- **Task objective**:
Restate word for word the lines below from the one that has "Les prix du" through the one that has "苗栗三義景點》雅聞香草植物工", keeping both and dropping all pictures.

- **Data listing**:
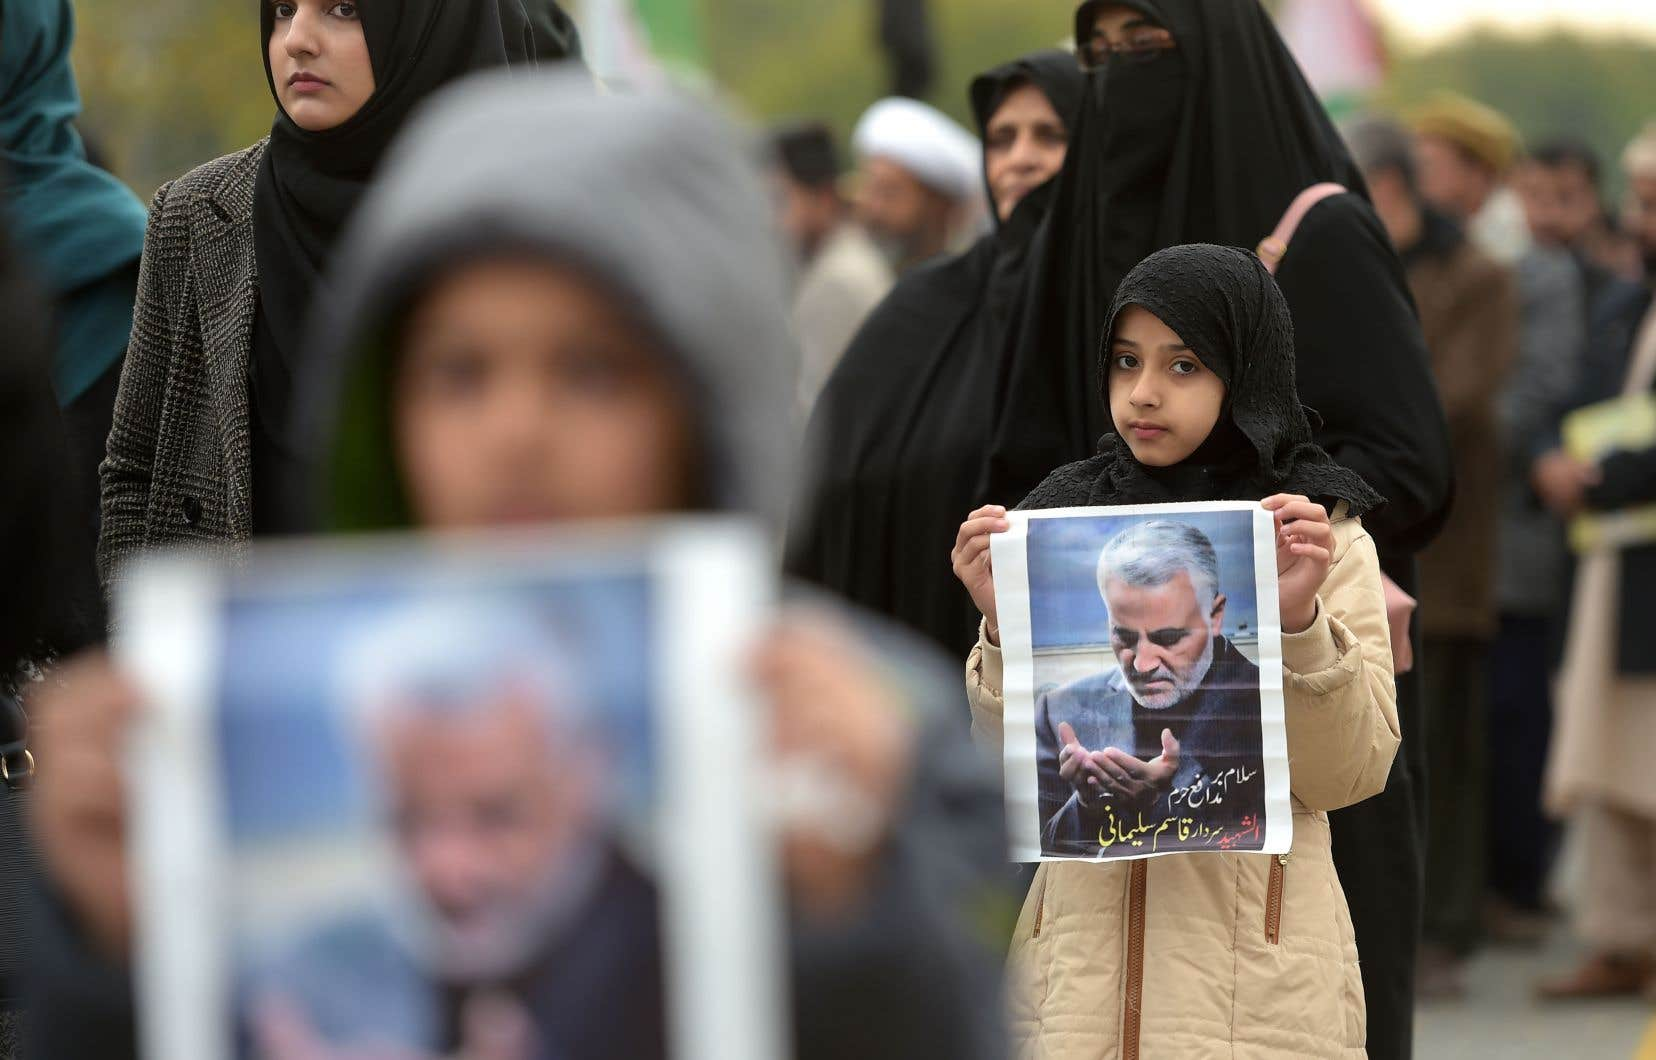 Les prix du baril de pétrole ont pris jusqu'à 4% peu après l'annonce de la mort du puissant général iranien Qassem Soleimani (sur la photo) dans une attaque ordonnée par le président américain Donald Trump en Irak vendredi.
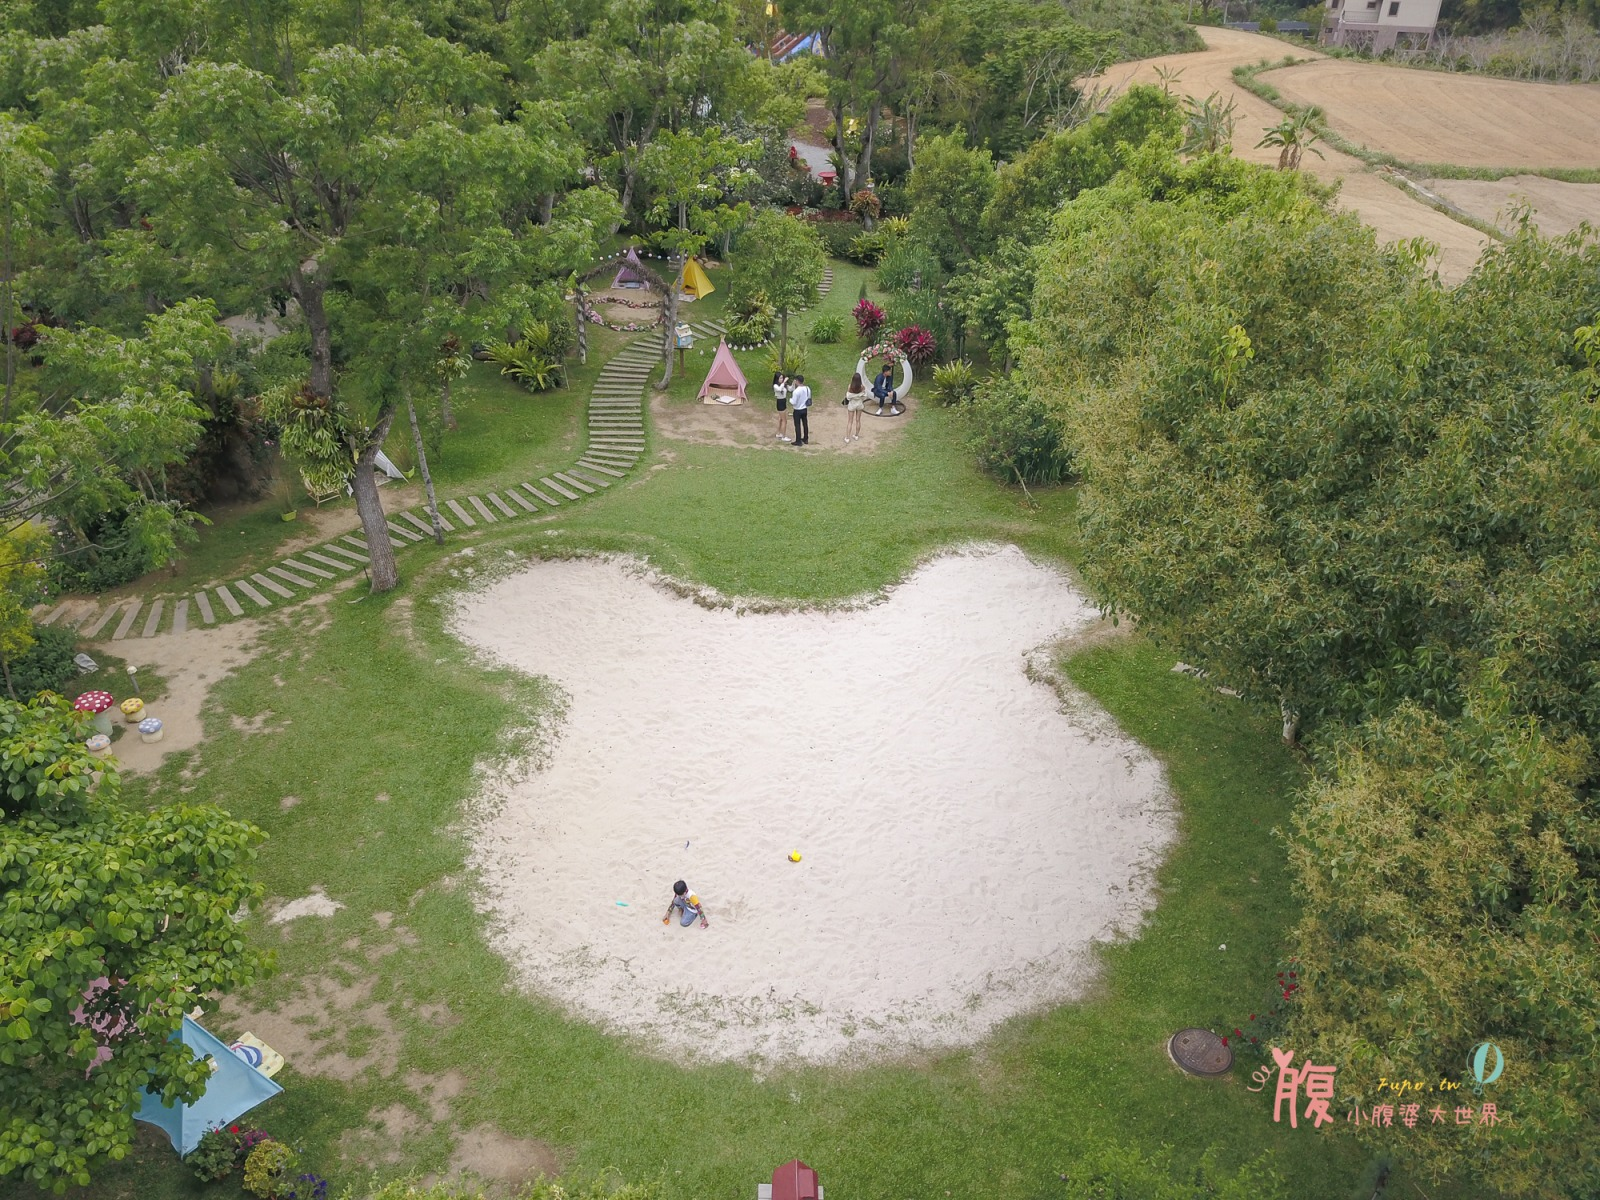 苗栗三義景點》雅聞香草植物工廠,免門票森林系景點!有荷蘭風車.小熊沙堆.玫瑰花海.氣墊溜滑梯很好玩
---
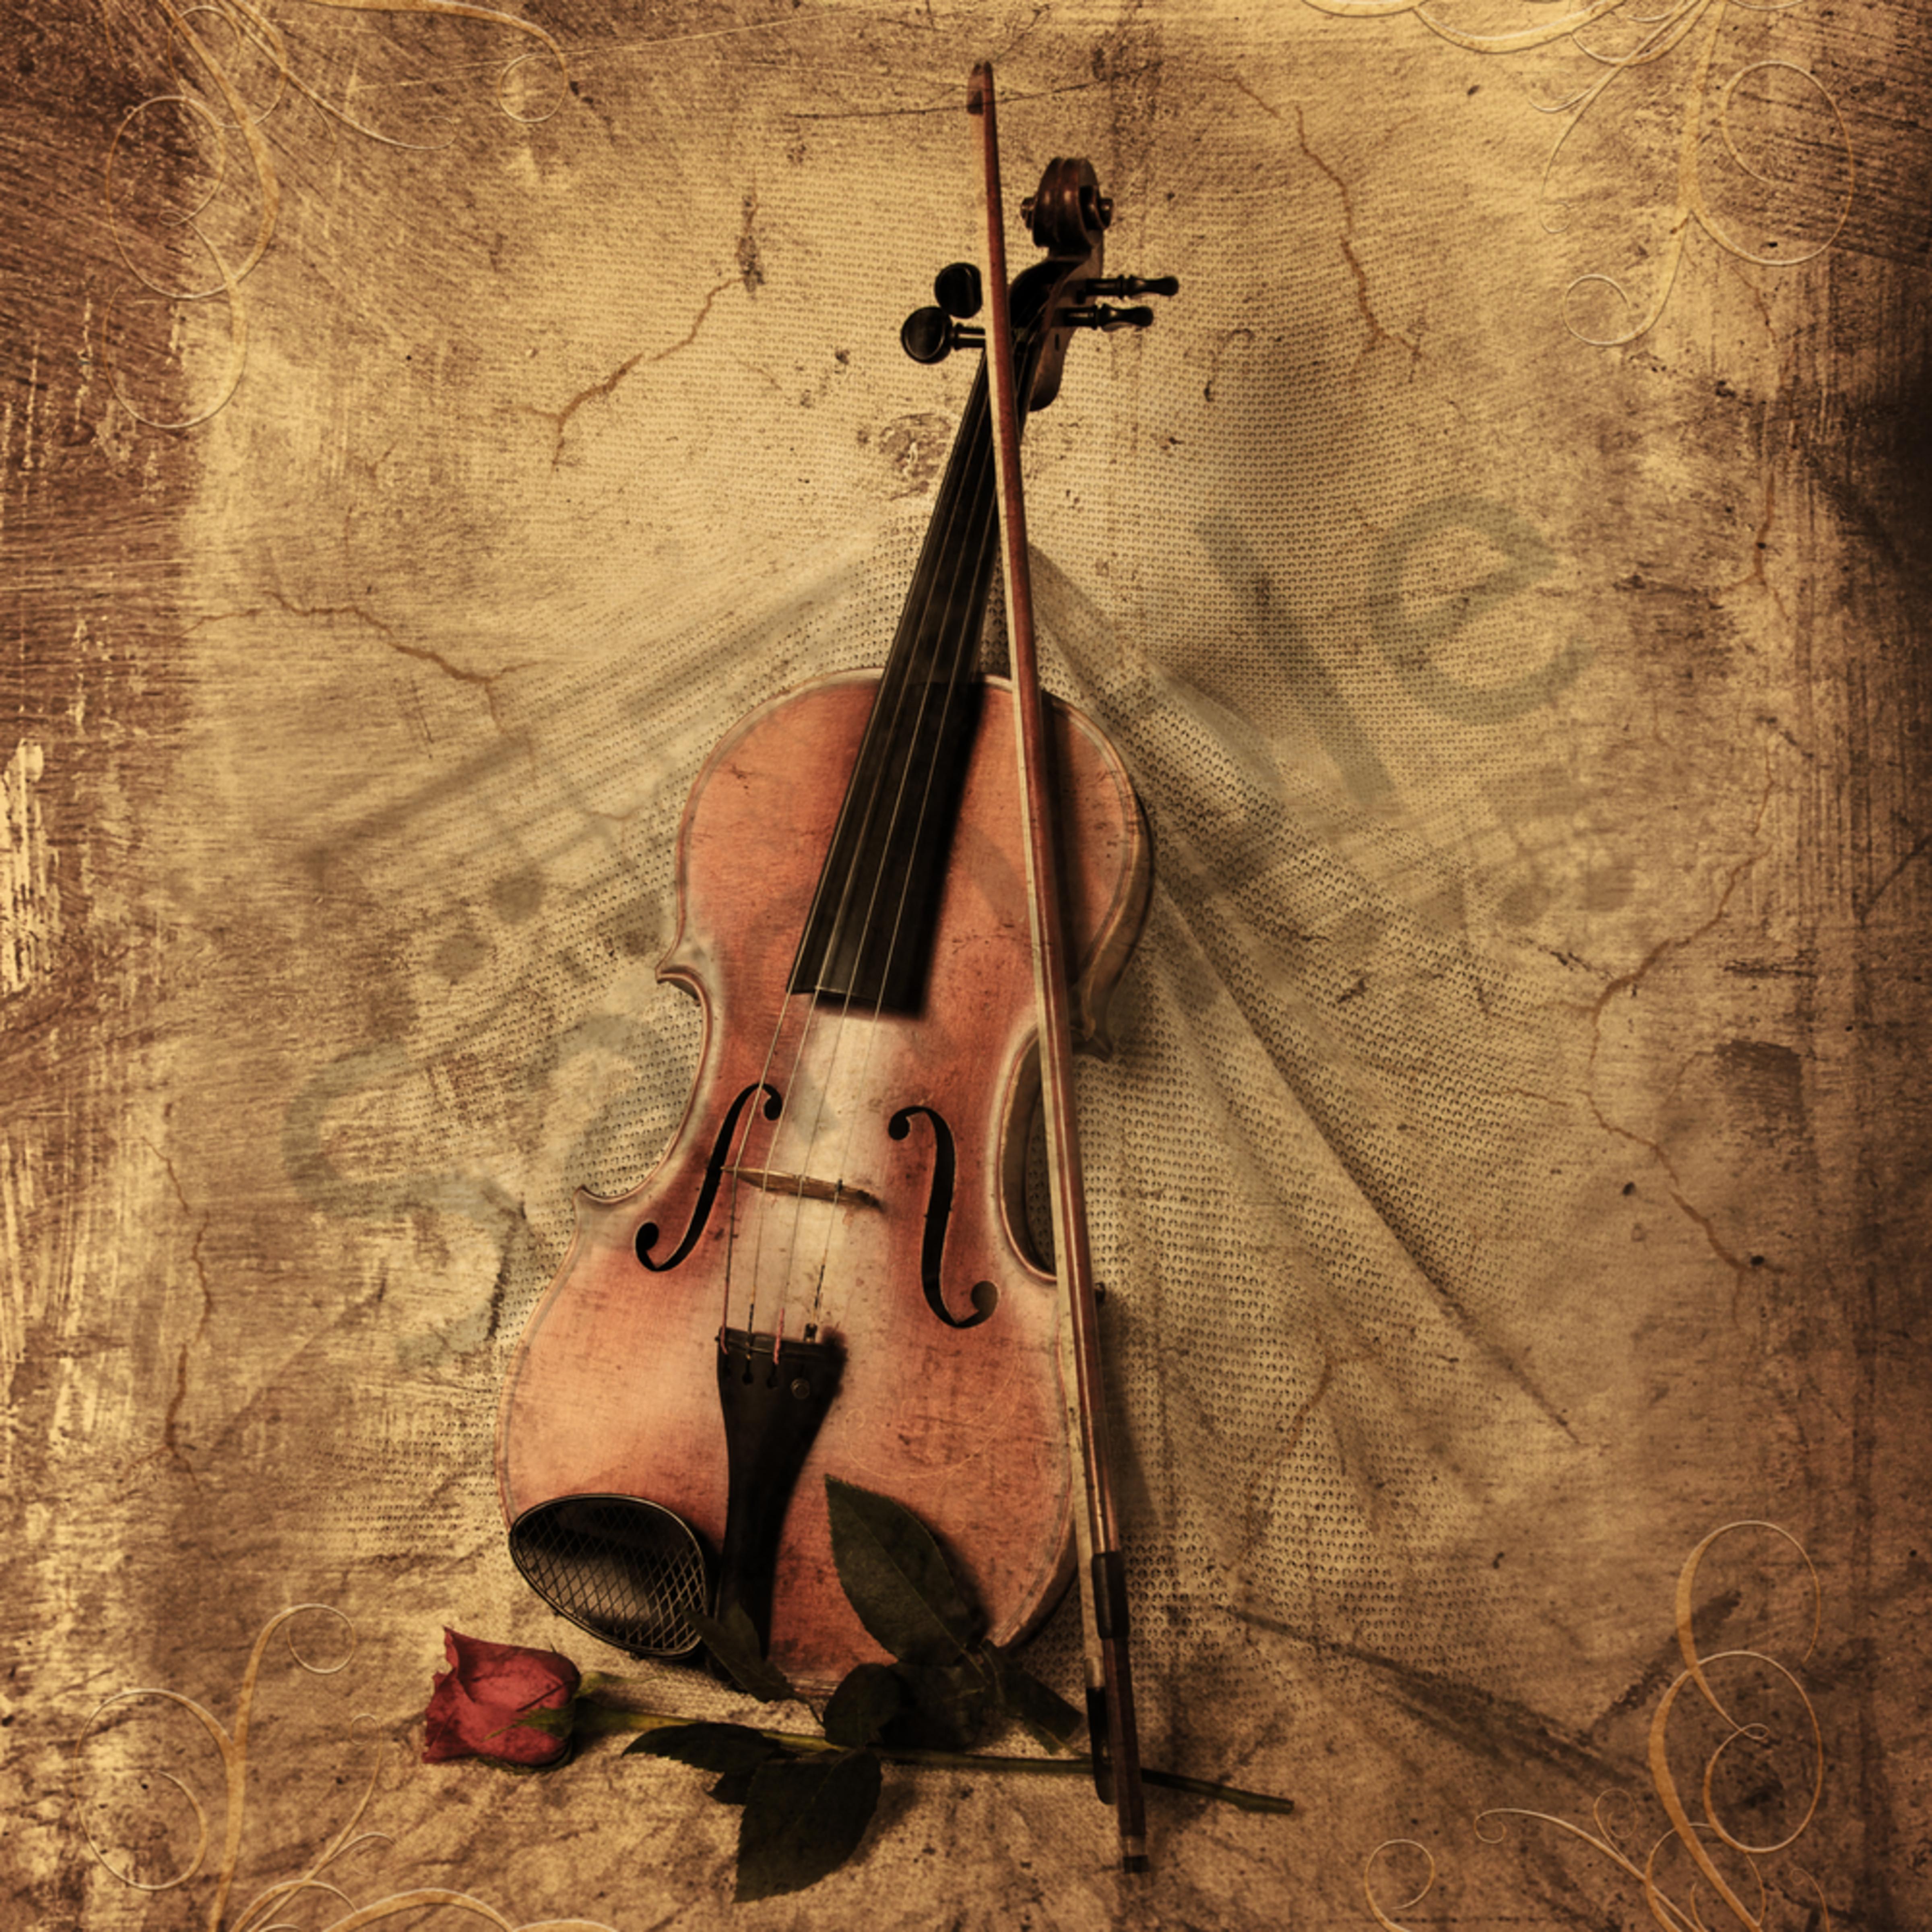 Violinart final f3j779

- **Response to the task**:
 Les prix du baril de pétrole ont pris jusqu'à 4% peu après l'annonce de la mort du puissant général iranien Qassem Soleimani (sur la photo) dans une attaque ordonnée par le président américain Donald Trump en Irak vendredi.
 苗栗三義景點》雅聞香草植物工廠,免門票森林系景點!有荷蘭風車.小熊沙堆.玫瑰花海.氣墊溜滑梯很好玩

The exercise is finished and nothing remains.